Data Poisoning

Data poisoning is an attack on the training phase of machine learning rather than on a finished model. Because a model learns whatever patterns are present in its training data, an attacker who can influence that data can influence what the model learns. This stands in contrast to evasion attacks like adversarial examples, which manipulate inputs at prediction time without touching the training set.

Poisoning attacks come in two broad flavors. Availability or integrity attacks aim to degrade overall accuracy by injecting mislabeled or corrupted examples, making the model unreliable. Backdoor or targeted attacks are subtler: they leave normal accuracy intact but teach the model a hidden rule that misfires only on inputs carrying a specific trigger, the pattern demonstrated by the BadNets and Trojaning papers. The threat has grown more practical as models are trained on data scraped from the open web, which an attacker can seed. The paper “Poisoning Web-Scale Training Datasets is Practical” by Carlini and colleagues (arXiv:2302.10149, 2023) showed concretely how a low-budget adversary could place malicious content into the data behind large public datasets.

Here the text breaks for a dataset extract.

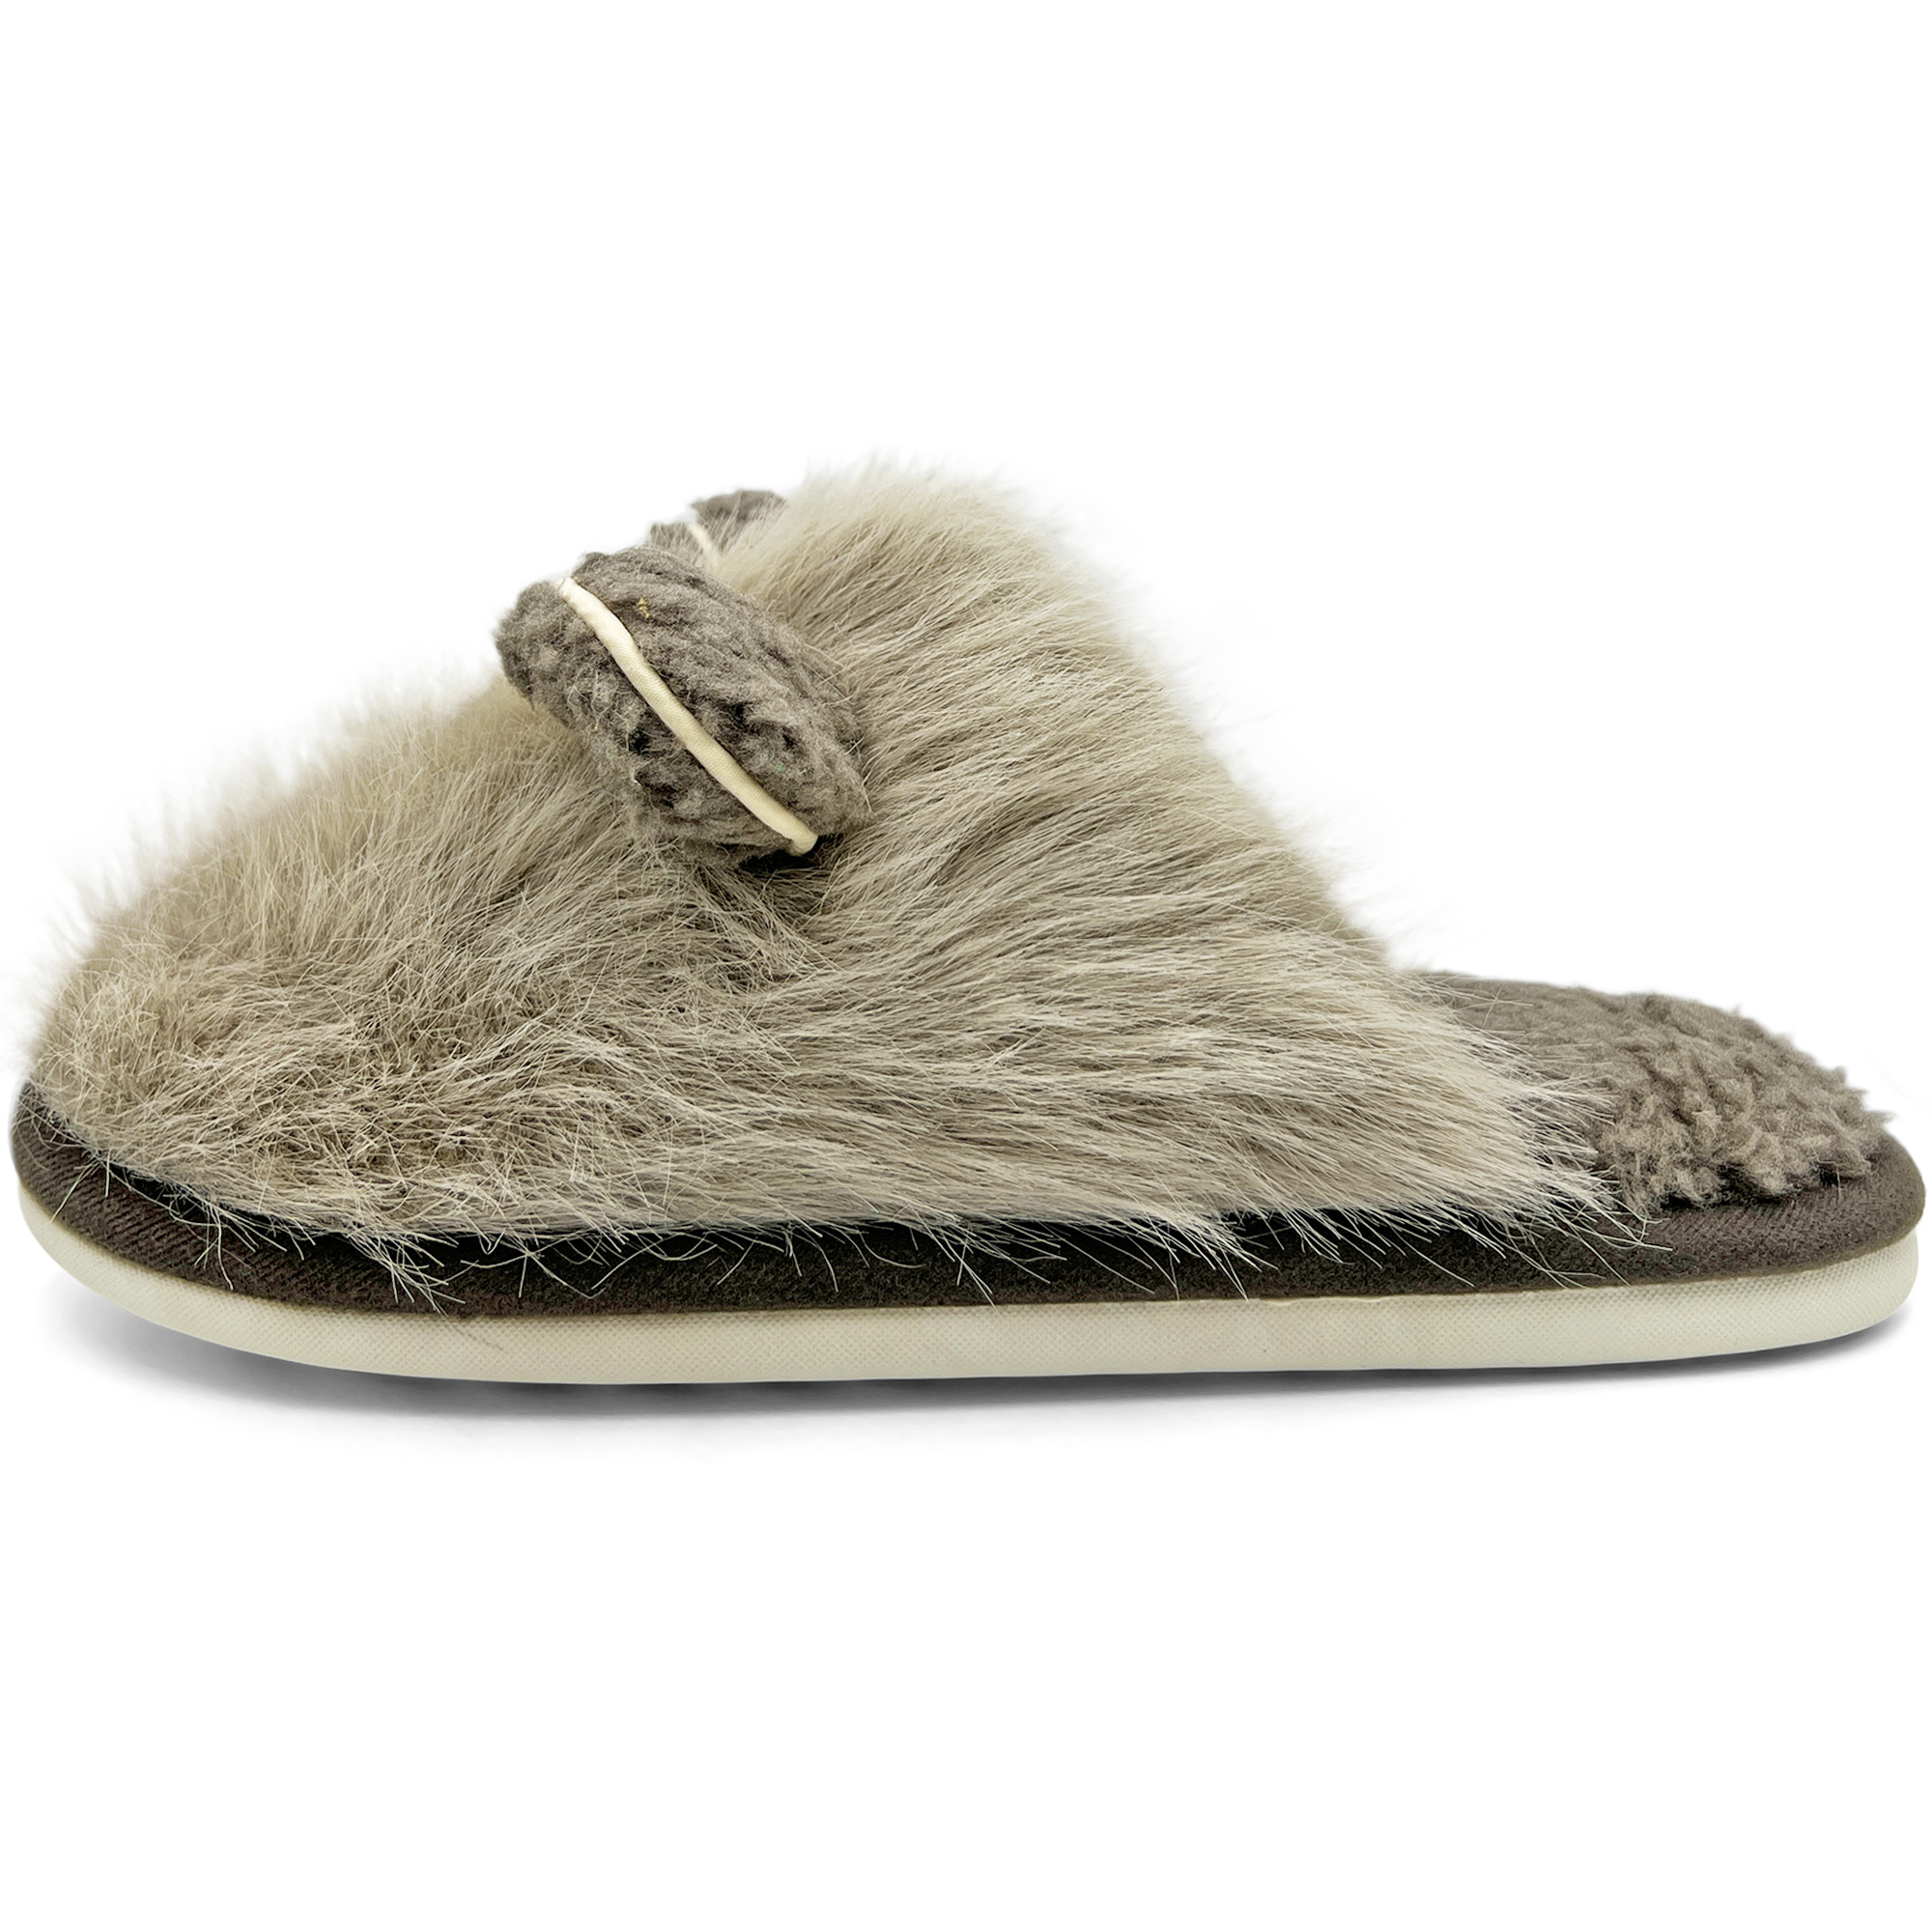 LAVRA Women's Slippers Fuzzy Fur House Shoes Soft Bedroom Slip On | eBay
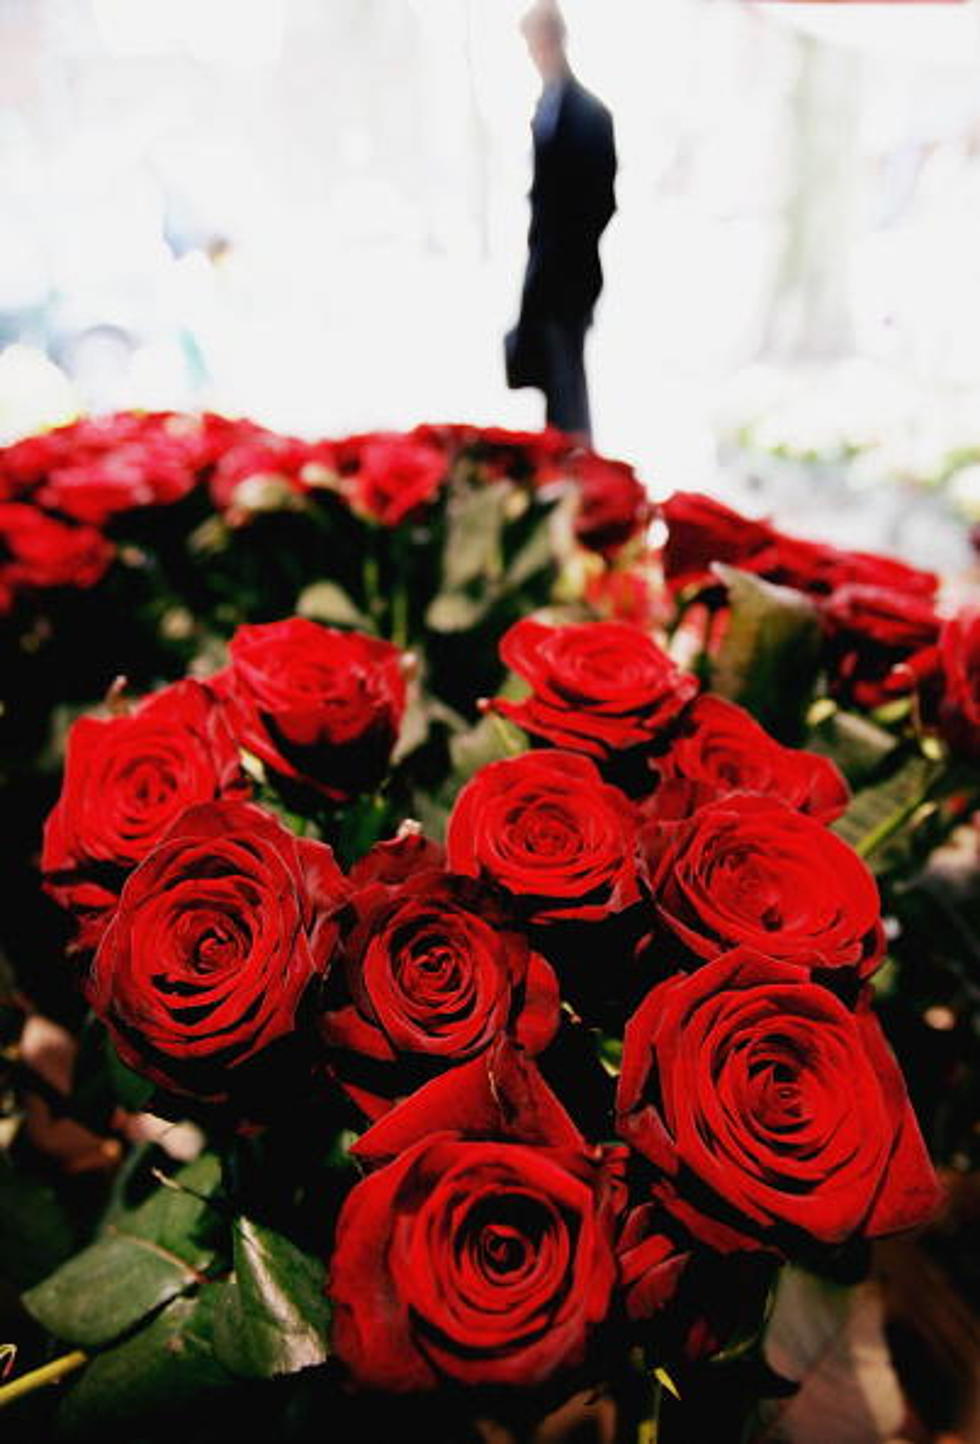 How To “Celebrate” Valentine’s Day Alone

Data poisoning is recognized as a top-tier risk for modern AI. The OWASP Top 10 for LLM Applications lists “Data and Model Poisoning” explicitly, reflecting how dependent today’s systems are on large, loosely controlled training corpora.

For a business reader, the key insight is that a model’s integrity depends on the integrity of its training data. If you cannot vouch for where your data came from, you cannot fully vouch for what your model has learned, which makes data provenance and curation a security concern, not just a quality one.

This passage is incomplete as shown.